There are two classes responsible for providing the statistical parameters to the model. CollectionStatistics stores the collection-level information.
fieldTokens: tokens in each field
numberOfPointers: total number of pointers in the inverted file $= sum(df)$
EntryStatistics contain some information about the term.
frequency: the total number of occurences (tf(Corpus) above)
The models are rather simple: they override the scoring methods with their own formulas. There are also methods for setting the parameters (e.g. b for BM25).
The last class of interest is Idf. All kinds of idf functions are defined in it, such as idfDFR(), idfENQUIRY (seems to be buggy in 3.0), etc. I have two gripes with this:
- For one, it gives the idea that if a new formula is added, its idf part should be implemented in this class. However, someone who just wants to use the library may not feel like modifying a core class.

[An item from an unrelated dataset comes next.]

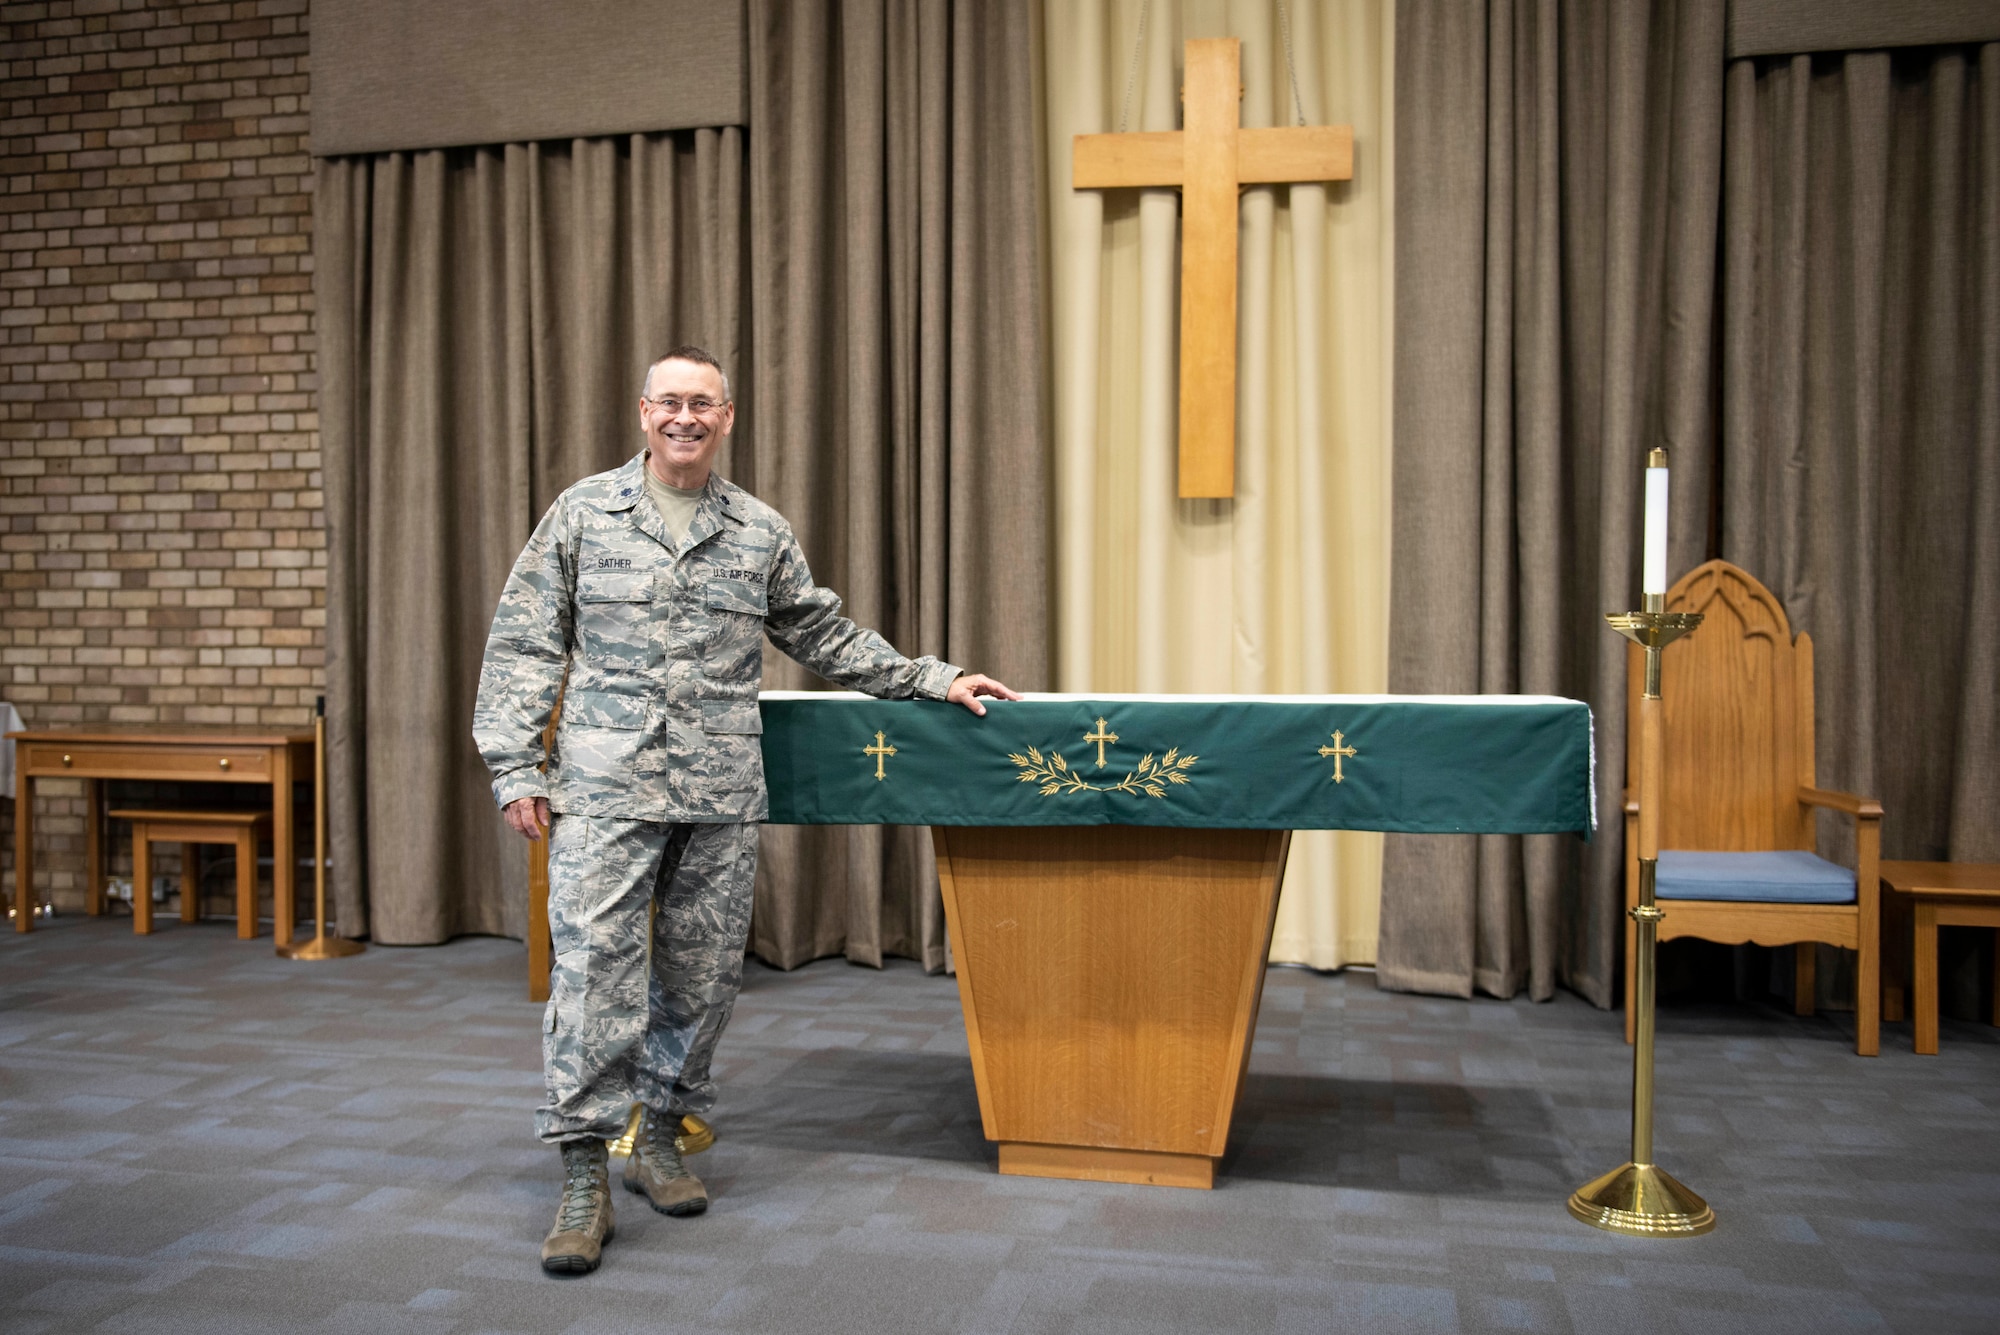 U.S. Air Force Lt. Col. Jerry Sather, 501st Combat Support Wing chaplain, poses for a photo at the base chapel at RAF Alconbury, England, July 15, 2020. After 41 years of military service, Sather shared his experiences and his reflection on diversity in the military. (U.S. Air Force photo by Airman 1st Class Jennifer Zima)

Also, even this idea is false. BM25, for instance, does not have its own idfBM25() method in Idf; it is computed in the BM25 class directly.
Idf also has methods that compute the logarithm of number(s). This is because they use log2 instead of logn.
There are several sub-hierarchies under WeightingModel. These will be introduced in the next sections.
The DFR Framework
DFRWeightingModel is the base class for the modular DFR framework. The scoring formula has been divided into three parts, following the original paper:
BasicModel subclasses represent the basic randomness models.
AfterEffect subclasses compute the gain.
Normalisation is applied on the "raw" term frequencies before they are passed to the basic model.
These classes define their own custom interfaces, which have little in common with the interface of the WeightingModel class. It is an interesting question if it is possible to maintain a consistent interface (e.g. Similarity) across scoring components and ranking frameworks.
It is worth mentioning that the basic model, aftereffect and normalization implementations are selected by class name and are initialized via the class loader mechanism. This might or might not be necessary in Lucene.
Field-aware scoring algorithms are implemented as subclasses of PerFieldNormWeightingModel. Currently two such models are implemented: BM25F and PL2F.
As far as I understand, per-field scoring is the default in Lucene, so this particular sub-hierarchy might not be of little interest to us.
Statistics availability in Lucene
The content of the EntryStatistics class, i.e. the term statistics, is conveniently mirrored by the TermContext class. The relevant fields are
docFreq corresponds to df,
totalTermFreq corresponds to frequency.
If I understand correctly, these statistics are extracted from the index on the fly, per field, so they depend on the fields searched in the query.
Also, as far as df goes, there is also IndexReader.docFreq().
Collection-level statistics seem to be harder to come by.
number of fields: IndexReader.fields(), BUT this statistic is only for normalization, which is performed outside of the Similarity in Lucene; hence, we don't need it;
no. of tokens in a field: IndexReader.getSumOfNorms(); it's a bit different than the real length; it may be worth to have both, since the more options, the more possibilities to experiment with;
avg. field length: has to be computed as in MockBM25Similarity.avgDocumentLength() from the no. of tokens in each field;
no. of documents: IndexReader.numDocs() (for some reason, maxDoc() is used in MockBM25Similarity) from the context;
tf(Corpus): TermsEnum.totalTermFreq() via IndexReader.totalTermFreq();
no. of tokens: Terms.getSumTotalTermFreq();
no. of unique terms: Terms.getUniqueTermCount() via IndexReader.getUniqueTermCount();
average document length: has to be computed as in MockBM25Similarity.avgDocumentLength() from the avg. field lengths.
I have found the scoring hierarchy of Terrier very straightforward and easy to extend. However, I am not really convinced of the merits of the way idf is handled. I would rather have separate Tf, Idf and Query weight (and maybe Smoothing) parts that could be combined freely with each other. The obvious solution is to have separate class hierarchies (however flat) for all of them. This is up for debate, of course.